Please go line by line and repeat the data below exactly, with no images.

INFORMATION SHOWN START

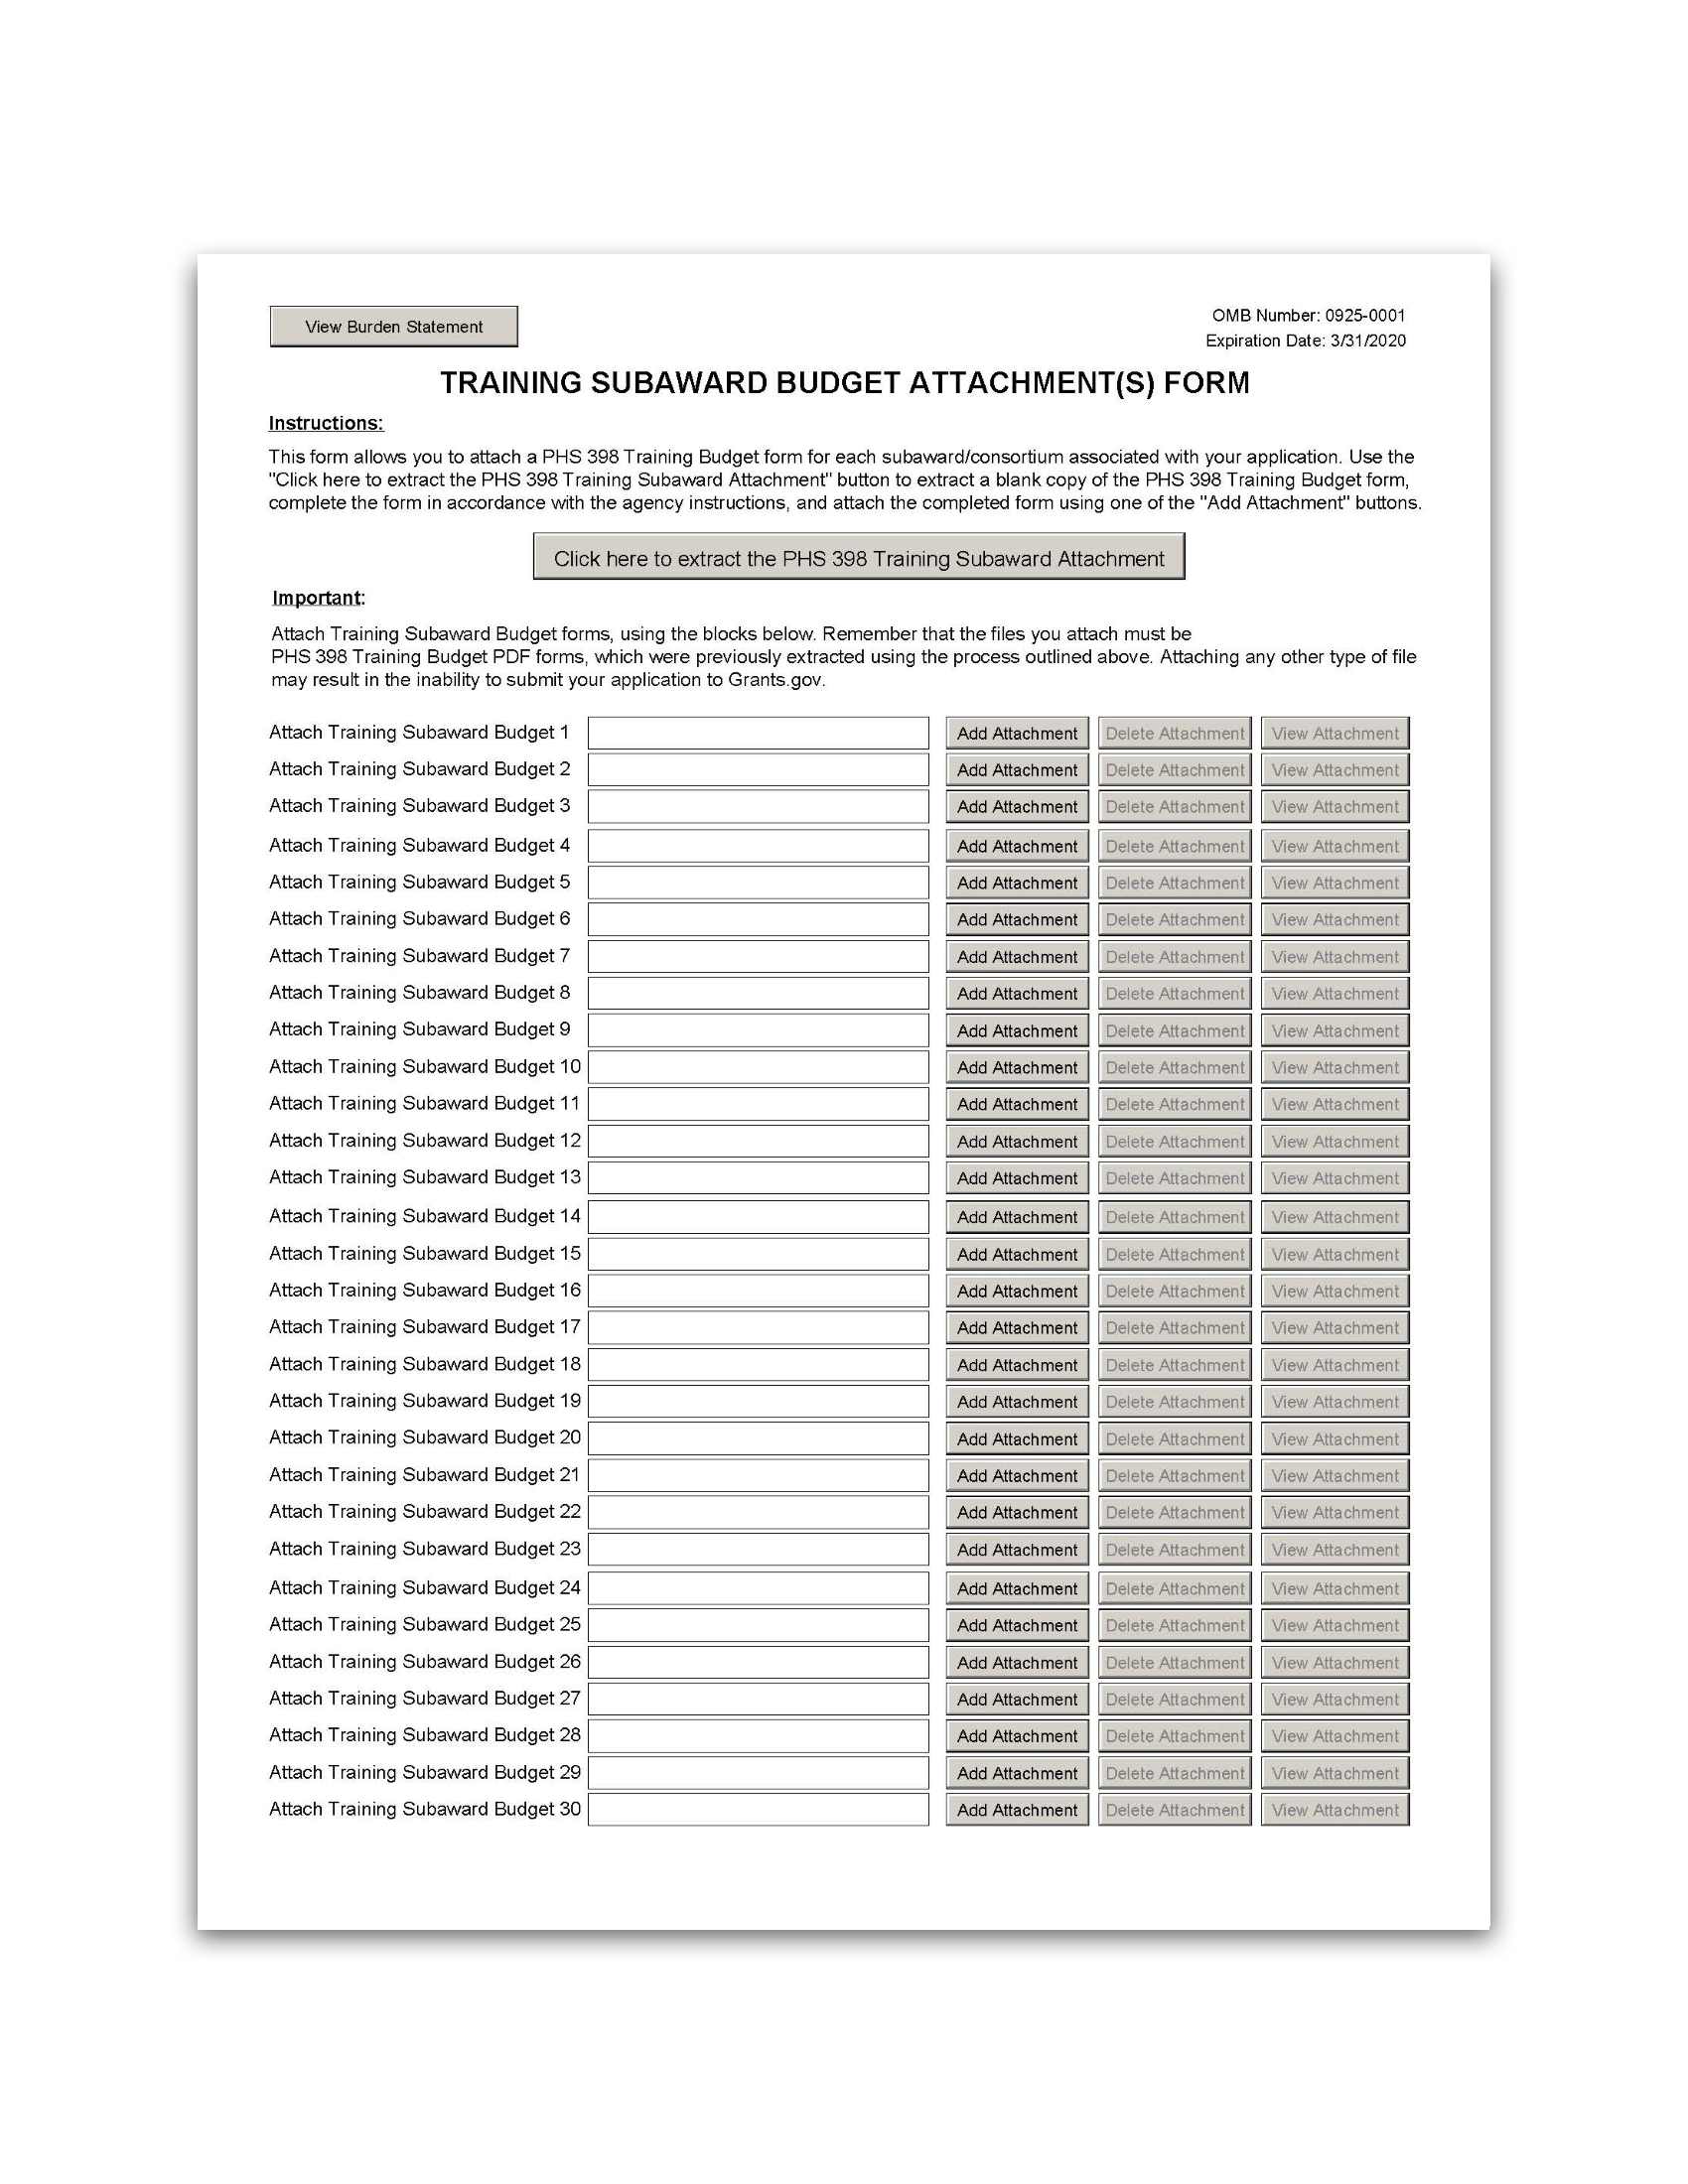 Training Subaward Budget Attachment Form
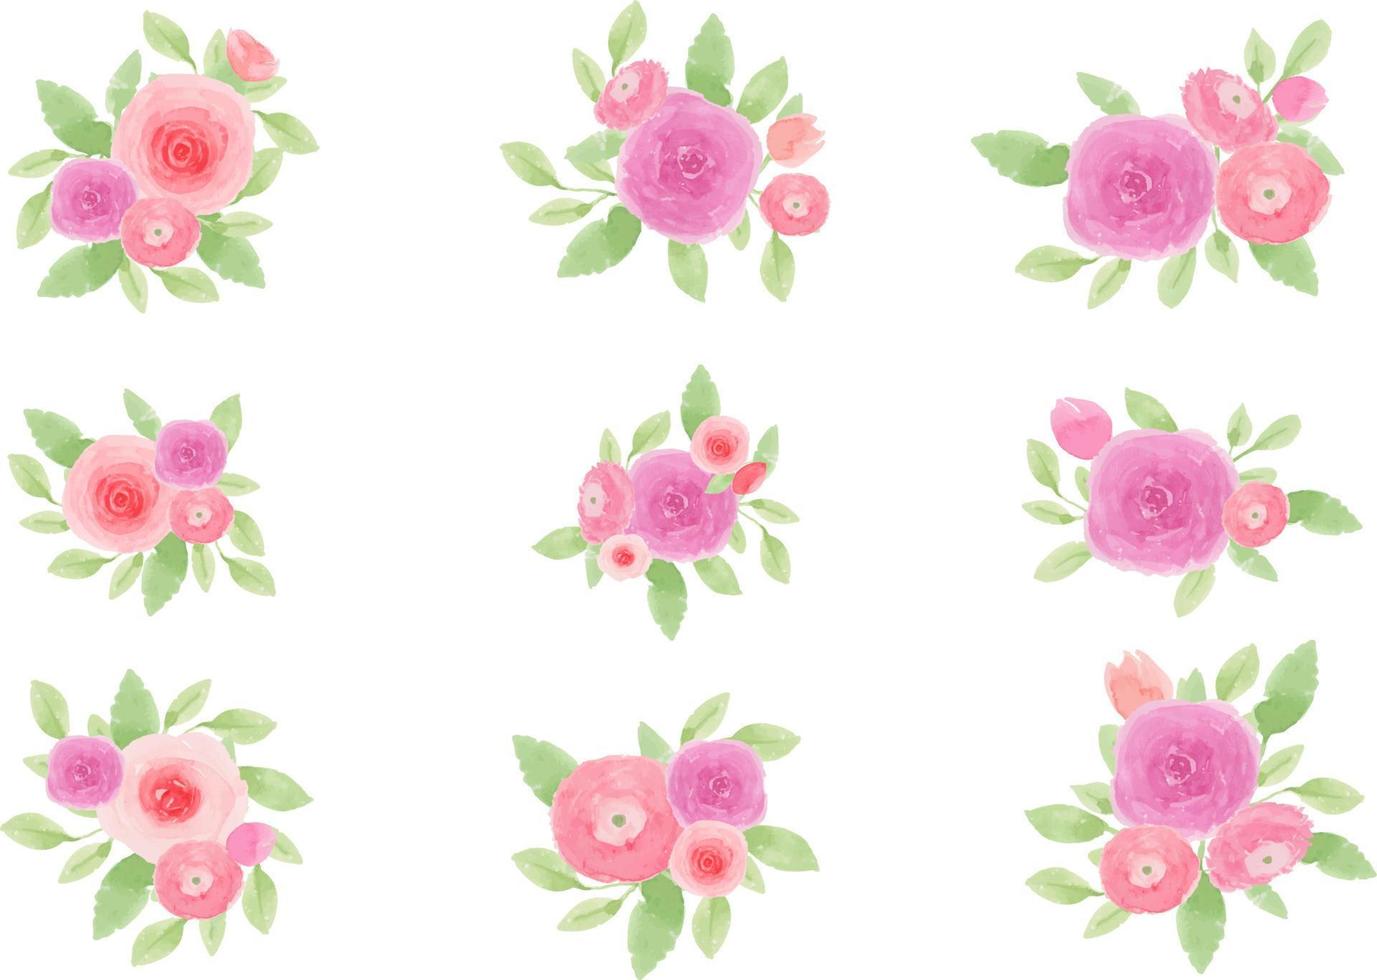 Rose Arrangement Watercolor Set vector
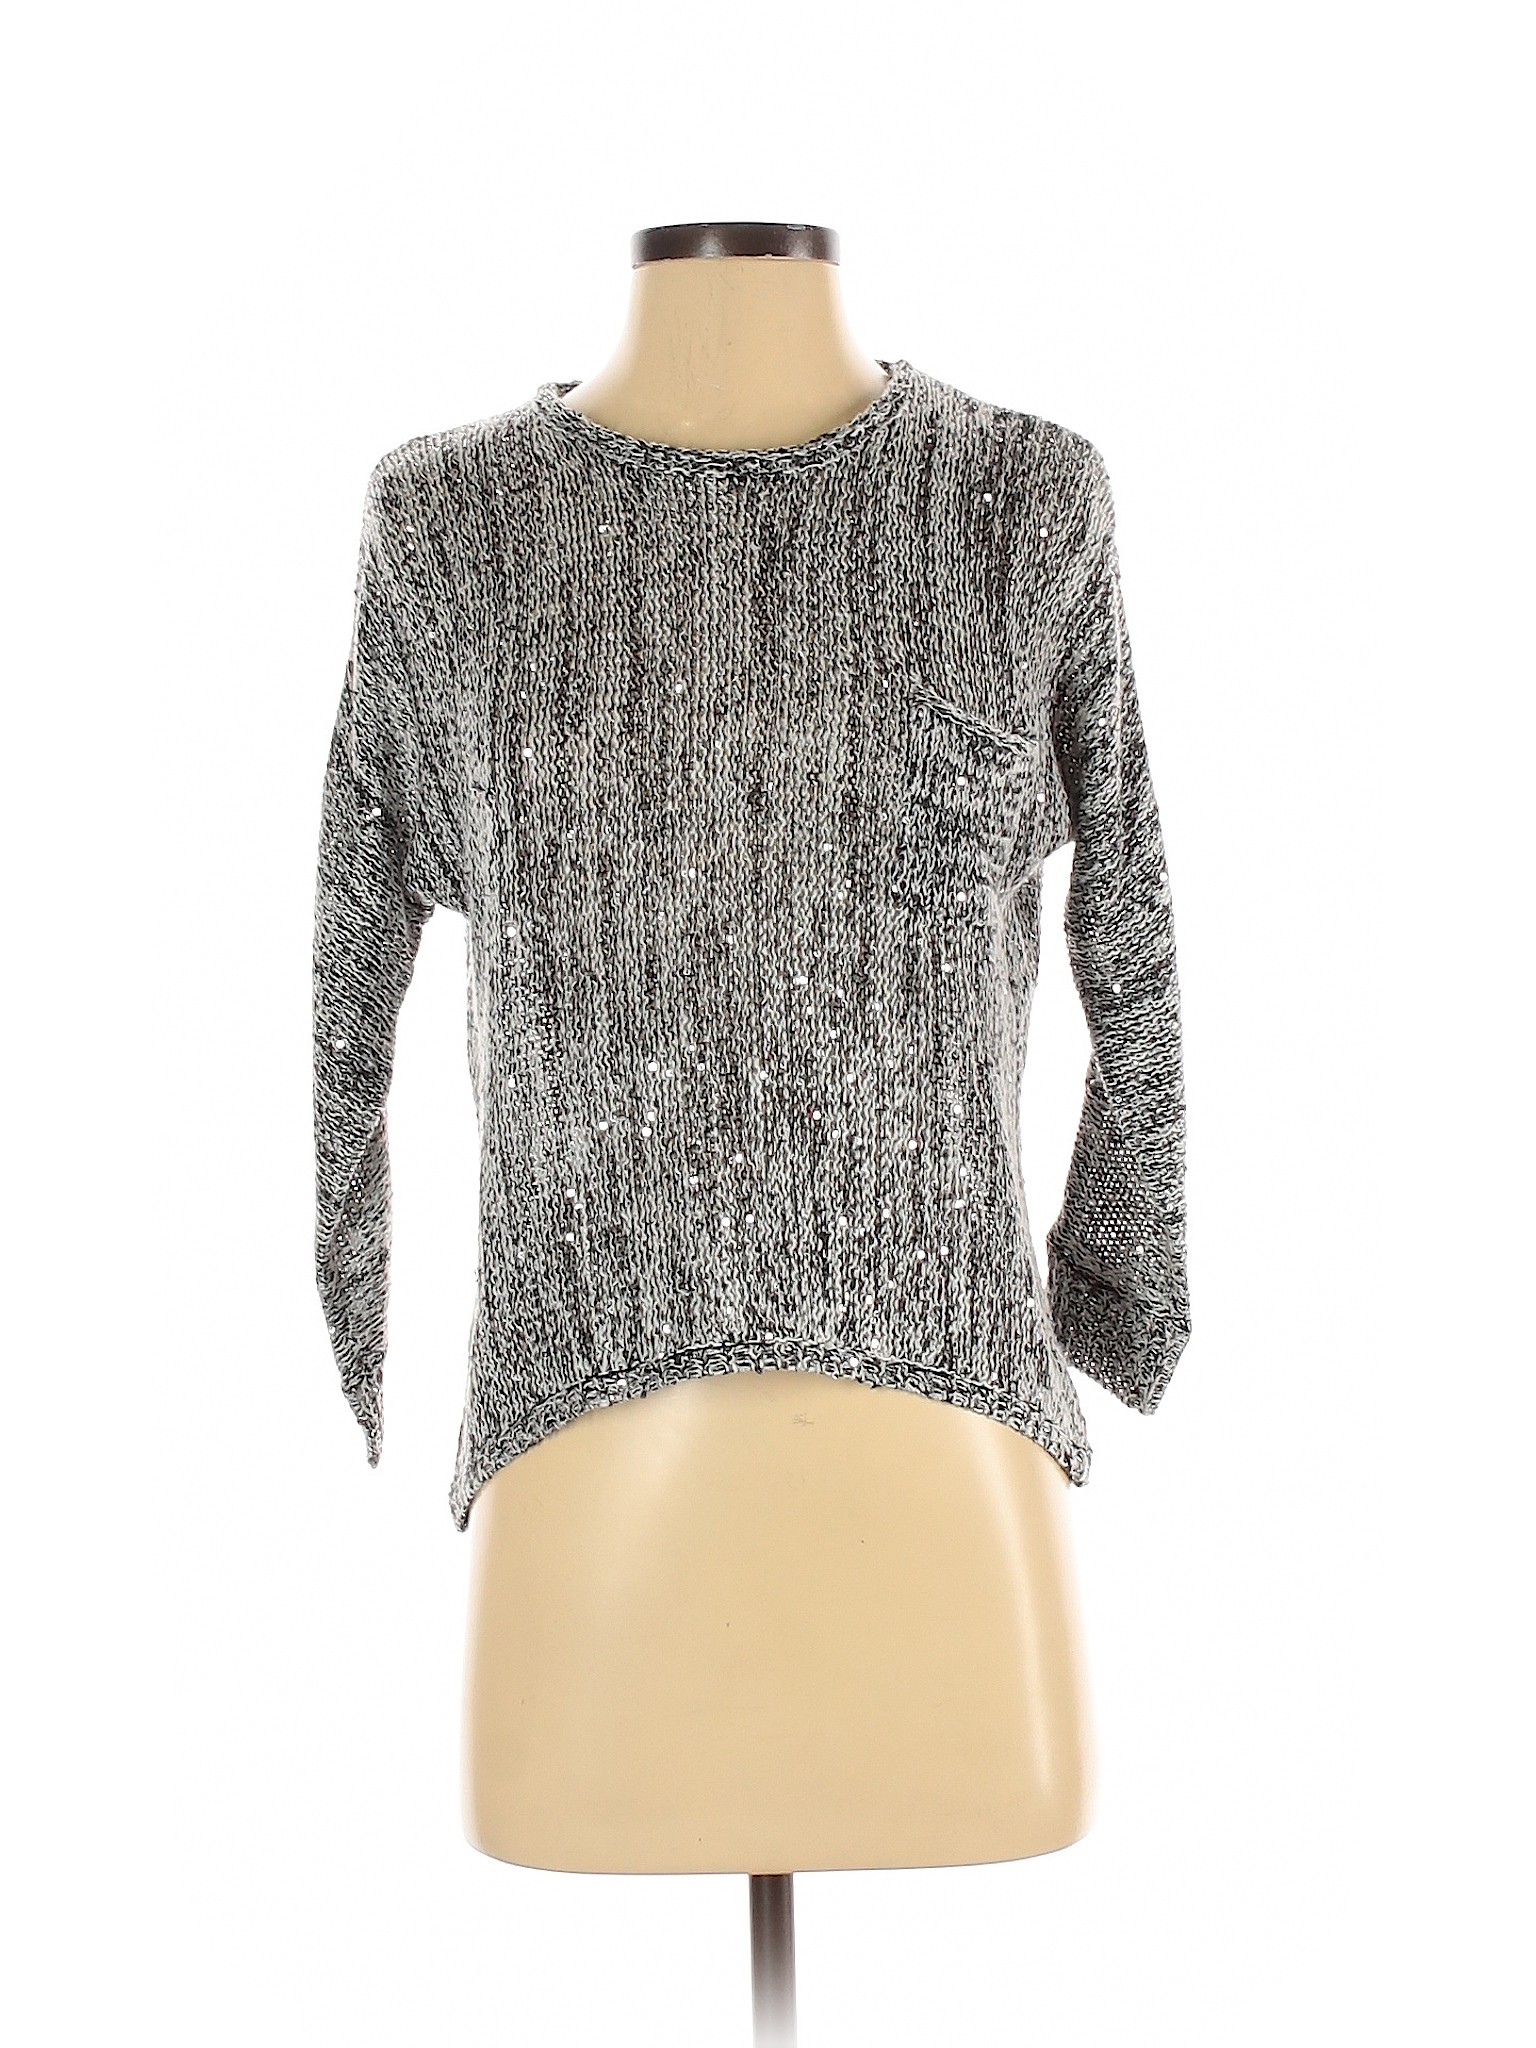 Assorted Brands Women Silver Pullover Sweater S | eBay

INFORMATION SHOWN END

* _EXERCISE RESPONSE_
 Training Subaward Budget Attachment Form
 Rose Arrangement Watercolor Set vector
 Assorted Brands Women Silver Pullover Sweater S | eBay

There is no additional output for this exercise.